**Instructions for the task:**
The span to repeat in the listing below runs from the line containing "Bobinot plastifié Filiac" to the line containing "boda-diferente-fotografo-boda-laspalmas-grancanaria-109", inclusive. Repeat it exactly, and only it.

**Data extracts:**
=====

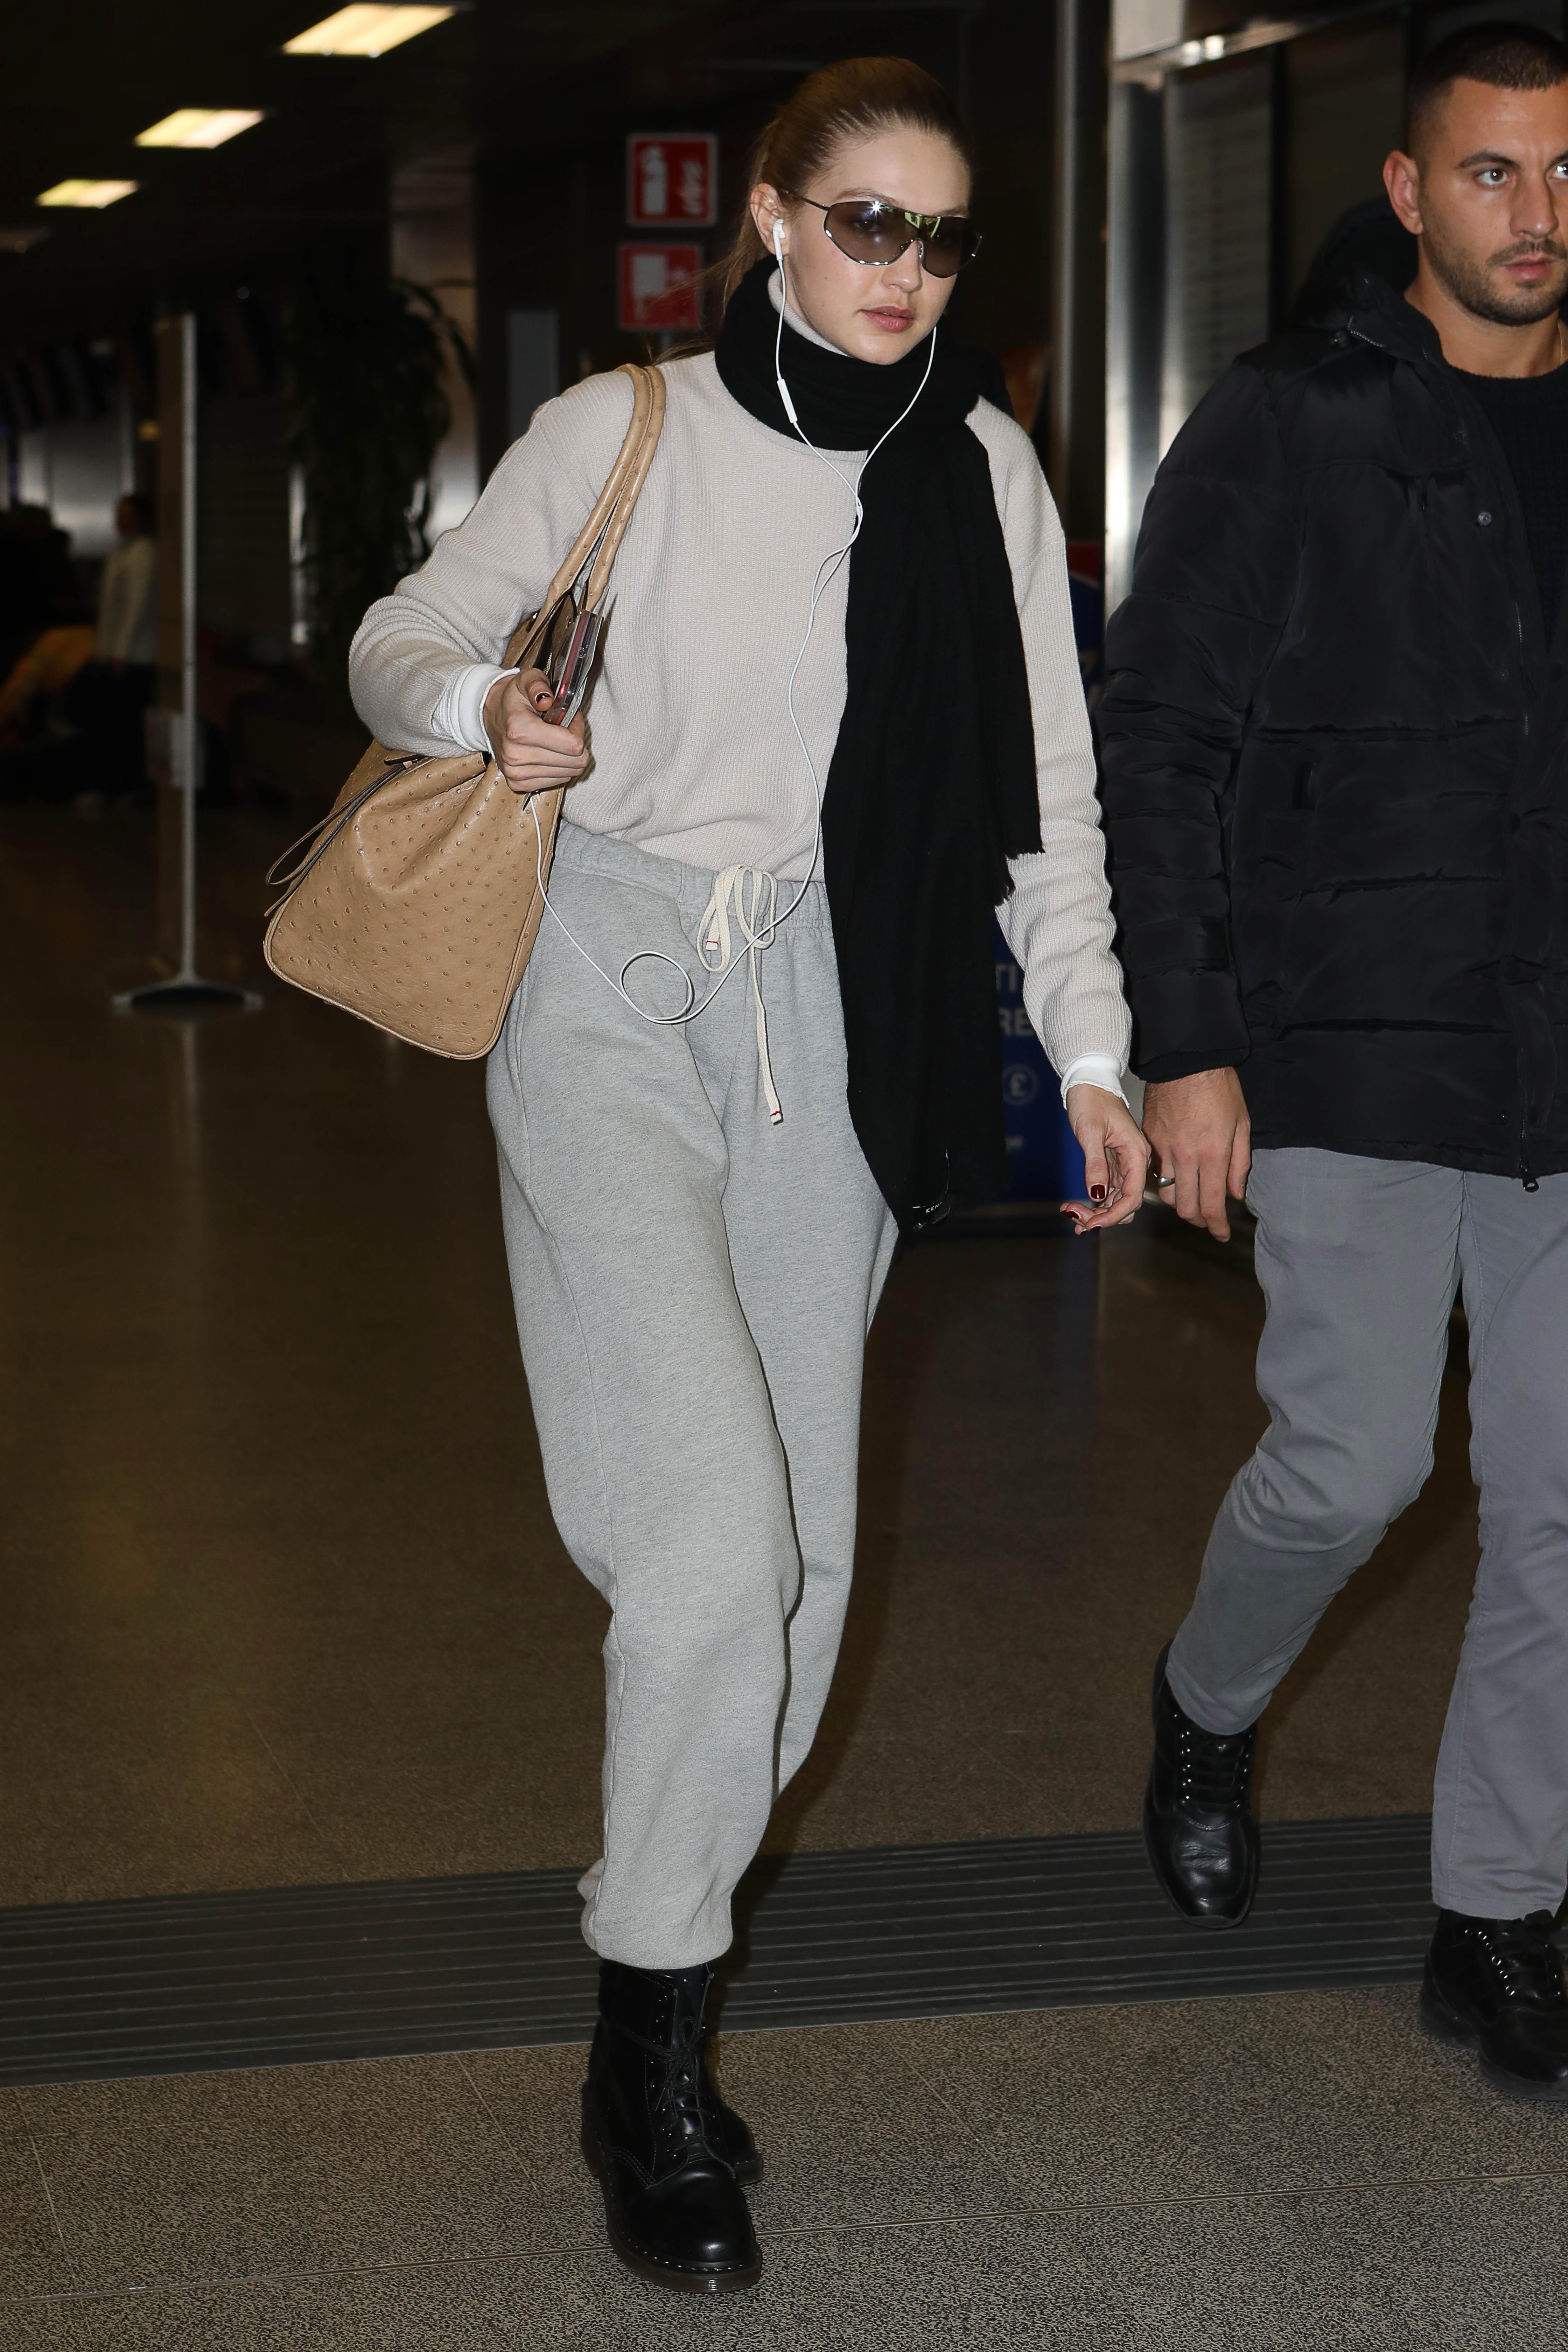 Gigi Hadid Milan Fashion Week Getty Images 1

=====

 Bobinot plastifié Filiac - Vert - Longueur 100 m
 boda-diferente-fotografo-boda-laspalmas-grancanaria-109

=====

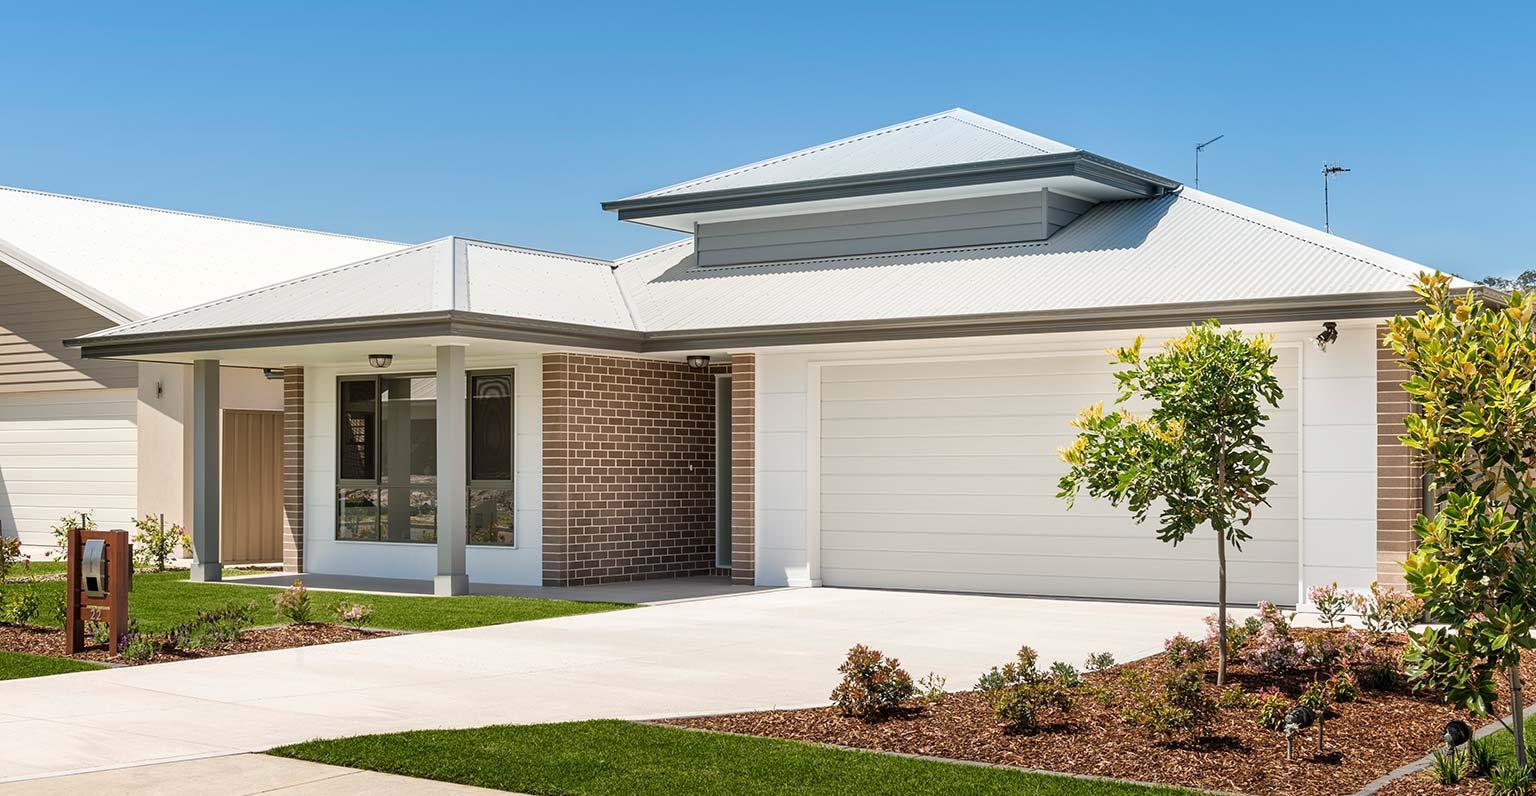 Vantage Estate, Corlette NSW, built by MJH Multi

=====

**Written reply:**
 Bobinot plastifié Filiac - Vert - Longueur 100 m
 boda-diferente-fotografo-boda-laspalmas-grancanaria-109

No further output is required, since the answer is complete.